Safe Harbor Statement Under the Private Securities Litigation Reform Act of 1995
This review contains “forward-looking statements” within the meaning of the Private Securities Litigation Reform Act of 1995. These statements are not guarantees of future performance. These forward-looking statements are based on management’s expectations as of the date of this review and assumptions which are inherently subject to uncertainties, risks and changes in circumstances that are difficult to predict. The use of words such as "will, " “intend” and “expect,” among others, generally identify forward- looking statements. However, these words are not the exclusive means of identifying such statements. In addition, any statements that refer to expectations, projections or other characterizations of future events or circumstances are forward-looking statements and may include statements relating to future revenue, expenses, margins, profitability, net income / (loss), earnings per share and other measures of results of operations and the prospects for future growth of trivago N.V.’s business.
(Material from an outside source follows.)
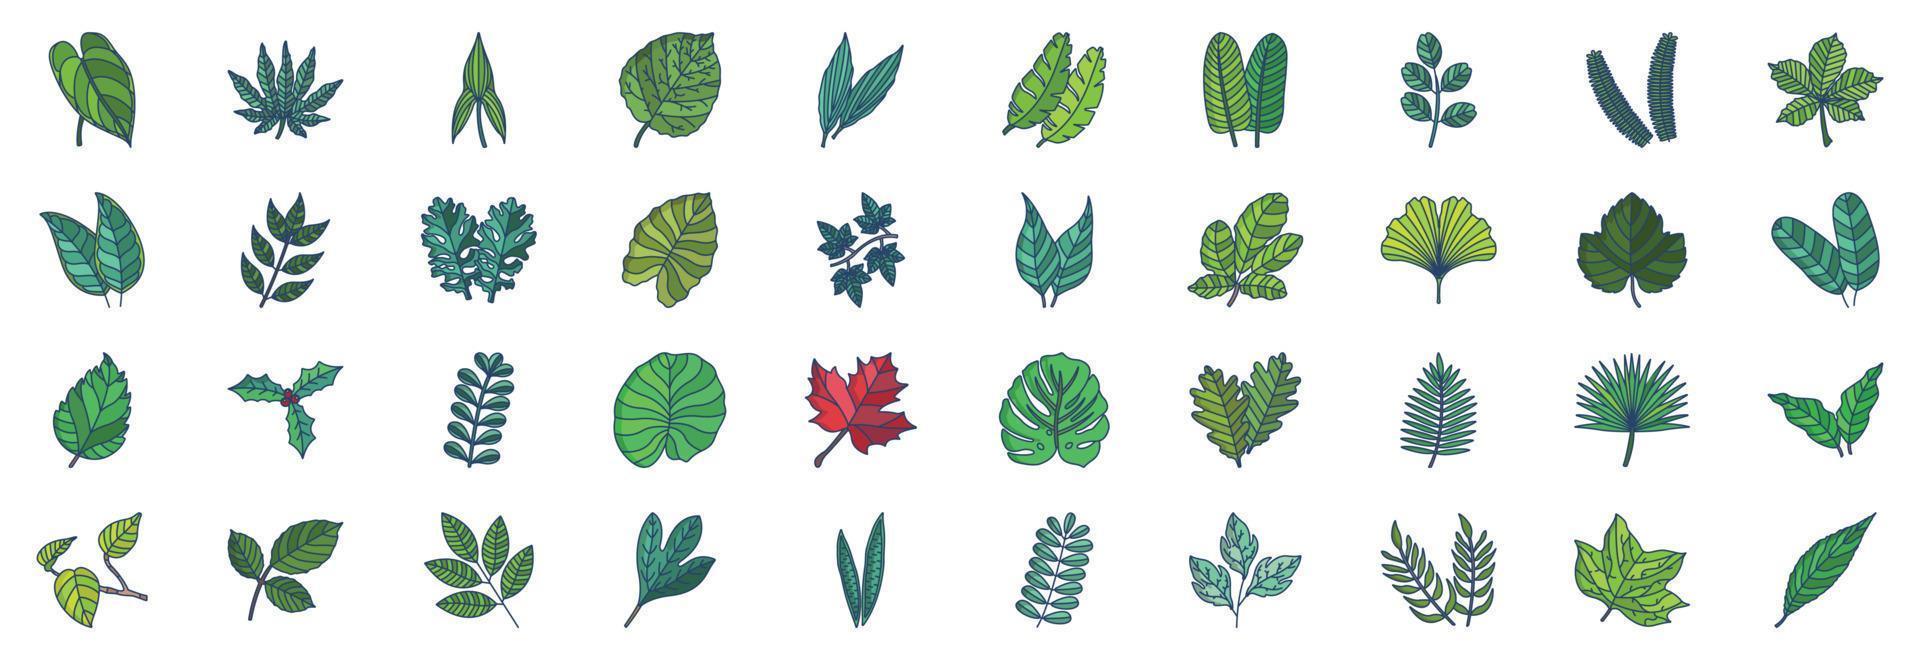 coleção de ícones relacionados a folhas, incluindo ícones como antúrio, arália, aspidistra, castanha, cítrico e muito mais. ilustrações vetoriais, conjunto perfeito de pixels vetor

Actual results and the timing and outcome of events may differ materially from those expressed or implied in the forward-looking statements for a variety of reasons, including, among others:
- the extent to which our strategy of increasing brand marketing investments positively impacts the volume of direct traffic to our platform and grows our revenue in future periods without reducing our profits or incurring losses;
- the continuing negative impact of having almost completely ceased television advertising in 2020 and only having resumed such advertising at reduced levels in recent years on our ability to grow our revenue;
- our reliance on search engines, particularly Google, whose search results can be affected by a number of factors, many of which are not in our control;
- the promotion by Google of its own product and services that compete directly with our hotel and accommodation search;
- our continued dependence on a small number of advertisers for our revenue and adverse impacts that could result from their reduced spending or changes in their cost-per-click, or (CPC), bidding or cost-per-acquisition (CPA) strategy;
- our ability to generate referrals, customers, bookings or revenue and profit for our advertisers on a basis they deem to be cost-effective;
- factors that contribute to our period-over-period volatility in our financial condition and result of operations;
- the potential negative impact of a worsening of the economic outlook and inflation on consumer discretionary spending;
- any further impairment of intangible assets;
- geopolitical and diplomatic tensions, instabilities and conflicts, including war, civil unrest, terrorist activity, sanctions or other geopolitical events or escalations of hostilities, such as the war in Ukraine and the ongoing conflict affecting the Middle Eastern region;
- increasing competition in our industry;
- our business model 's dependence on consumer preferences for traditional hotel-based accommodation;
- our ability to innovate, integrate, and provide tools and services that are useful to our users and advertisers;
- our dependence on relationships with third parties to provide us with content;
- changes to and our compliance with applicable laws, rules and regulations;
- the impact of any legal and regulatory proceedings to which we are or may become subject; and
- potential disruptions in the operation of our systems, security breaches and data protection,
as well as other risks and uncertainties detailed in our public filings with the SEC, including trivago 's Annual Report on Form 20-F for the fiscal year ended December 31, 2023, as such risks and uncertainties may be updated from time to time. Except as required by law, we undertake no obligation to update any forward-looking or other statements in this review, whether as a result of new information, future events or otherwise.